One’s forebears are one’s ancestors.*17
FOREGO/FORGO
To forego is to precede.
To forgo is to do without.
FOREWORD/FORWARD
A foreword is an introductory section of a book; the term is generally used to refer to a brief essay written by someone other than the book’s principal author.*18
Forward is a direction: not backward. It’s also an adjective often applied to children, suggesting bratty presumptuousness, or to people getting above their station or being aggressive (often sexually).
GANTLET/GAUNTLET
A gauntlet is a kind of glove, particularly useful for hurling to the ground in challenge when mortally insulted, or for picking up to accept such a challenge.

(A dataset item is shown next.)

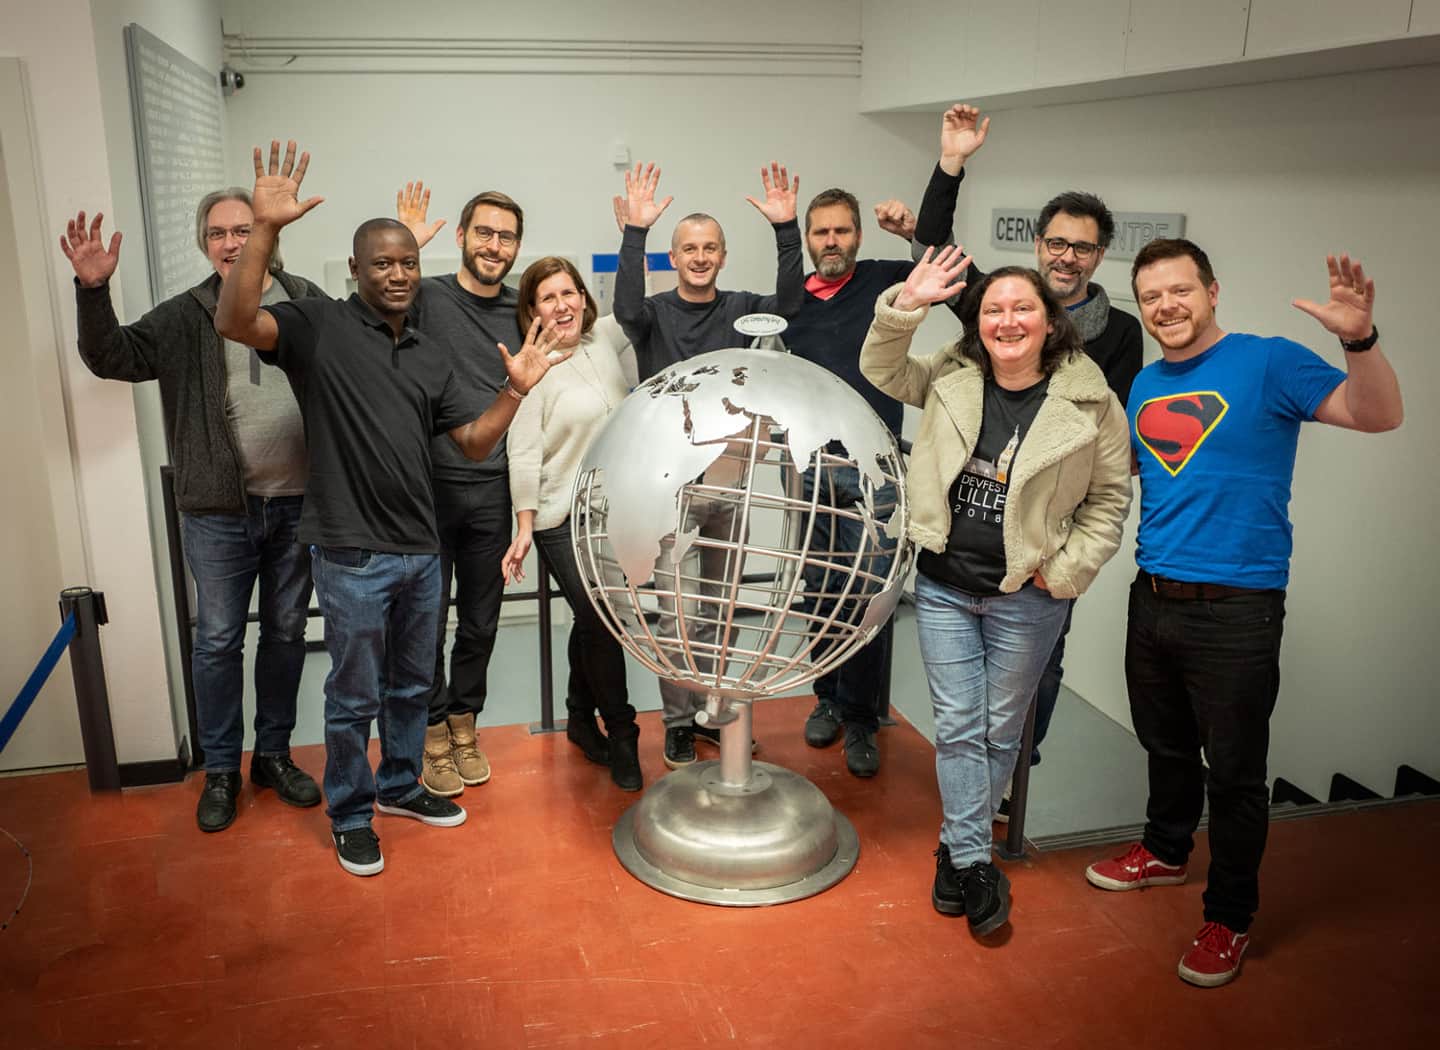 Two women and seven men stand behind a metallic sculpture of the globe showing the continents, many of the people ahve their hands raised

If you’re forced to make your way between two parallel lines of people armed with clubs who are intent on thrashing the living daylights out of you and you don’t have the option to sprint like hell in the opposite direction, you are running either the gantlet or the gauntlet, depending upon whom you ask. I’m a “gauntlet” fellow. I find the very sight of “gantlet” fussy and prissy, as if those two lines of assailants are raring to smack you around with doilies.
GEL/JELL
A gel is a jelly; it is also a transparent colored sheet, usually made of plastic, used in stage lighting.
When Jell-O sets, or when one’s master plan takes shape, it either gels or jells. I like “jells.”
GIBE/JIBE/JIVE
There’s a lot of etymological muddiness here, but you’ll be on solid ground if you use “gibe” to mean (as a noun) a sneering taunt or (as a verb) to deride, and “jibe” to mean agree with or align.
The periodically encountered use of “jive” to mean “jibe” (“I’m so pleased that our plans for the weekend jive”) is unsupportable, etymologically or any other -ly.
GRAVELY/GRAVELLY
“Gravely” is an adverb denoting seriousness, as one may become gravely ill.
“Gravelly” is an adjective characterizing a collection of pebbles and other bits of rock, as in a gravelly road, or roughness, as in a raspy, gravelly voice.
GRISLY/GRISTLY/GRIZZLY/GRIZZLED
Gory crimes are grisly.
Tough meat is gristly.
Some bears are grizzly.
Mistaken references to “grizzly crimes” (unless committed by actual bears, in which case OK) are extremely popular, always good for a chuckle, and to be avoided strenuously.
“Grizzled” refers to hair streaked with gray—and, by extension, it makes a decent synonym for “old.” It does not mean, as many people seem to think it does, either unkempt or rugged.
HANGAR/HANGER
One puts a plane in a hangar.
One hangs a coat on a hanger.
The underappreciated cut of beef found suspended*19 from a cow’s diaphragm is hanger steak.
HANGED/HUNG
Criminals are hanged.
Paintings are hung. Some. Also men. Some.
HARDY/HEARTY
Hardy people are able to cope with hardship; they are plucky, doughty, intrepid, indomitable.
Hearty people have a lot of hear
t; they are spirited and ebullient and cheerful, often in a loud, demonstrative, and irritating fashion.
A rich, nourishing soup or stew is hearty.
HAWK/HOCK
Verbwise, to hawk (outside discussion of birds, that is) is to sell and to hock is to pawn.
As to loogies, you may either (traditionally) hawk them or (popularly) hock them.
To hork, should you need to know this, is to vomit or to…well, there are a few other definitions, most of them disgusting.
HISTORIC/HISTORICAL
“Historic” denotes significance, as the passing of the Civil Rights Act was a historic event.
“Historical” simply denotes presence in the past.